The driven rear wheel has, in addition to the drive gear, on which the toothed belt runs, a braking facility. Either drum brakes with brake drums incorporated into the wheel hub or disk brakes, whose brake disk is likewise fastened rotation-fast with the wheel hub, are used as brakes. For higher demands, disk brakes are preferred which have a better braking performance in comparison with drum brakes and above and beyond this are relatively maintenance-friendly.
The especially promising combination of a toothed belt drive with a disk brake requires, however, that the toothed belt drive gear, also designated as pulley wheel, as well as the brake disk be attached rotation-fast on the hub of the drive wheel.
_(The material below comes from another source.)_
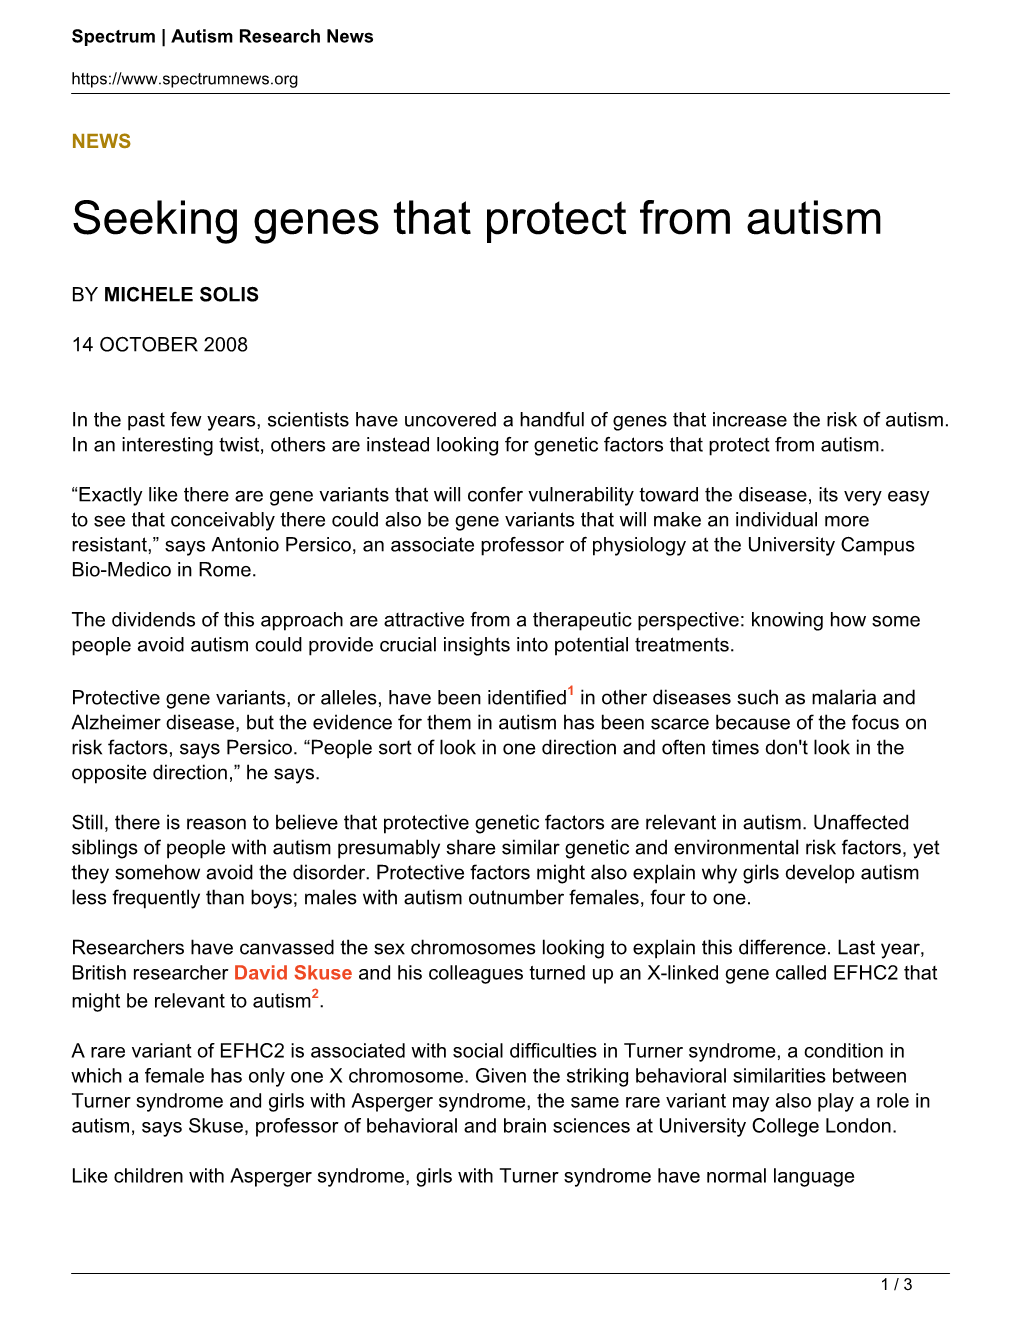 Seeking Genes That Protect from Autism

The previously preferred technical solution provides here for arranging the pulley wheel on the one side and the brake disk on the other side of the rear wheel. This construction, however, also produces basic disadvantages: Thus, accessibility of the rims, spokes and hub for the purpose of maintenance and upkeep is made equally difficult from both sides, namely by the pulley wheel on the one hand and by the brake disk on the other. In addition, rear wheels built up in this way are often felt to be unaesthetic. Moreover, maintenance and upkeep are made difficult by the fact that in disassembling and assembling the rear wheel, it is necessary to monitor simultaneously the installation of the toothed belt on the one side and the fitting of the brake disk into the brake caliper on the other side.
With chain drives it has already been attempted to install a brake disk on the rear chain wheel. This solution nevertheless could not be successful, as there existed the danger that the brakes could be fouled by chain grease. One has up until now completely refrained from mounting a brake disk on the pulley wheel of a toothed belt drive, because brake disks become so hot in operation that the toothed belt would be unavoidably subjected to damage by the heat acting on it.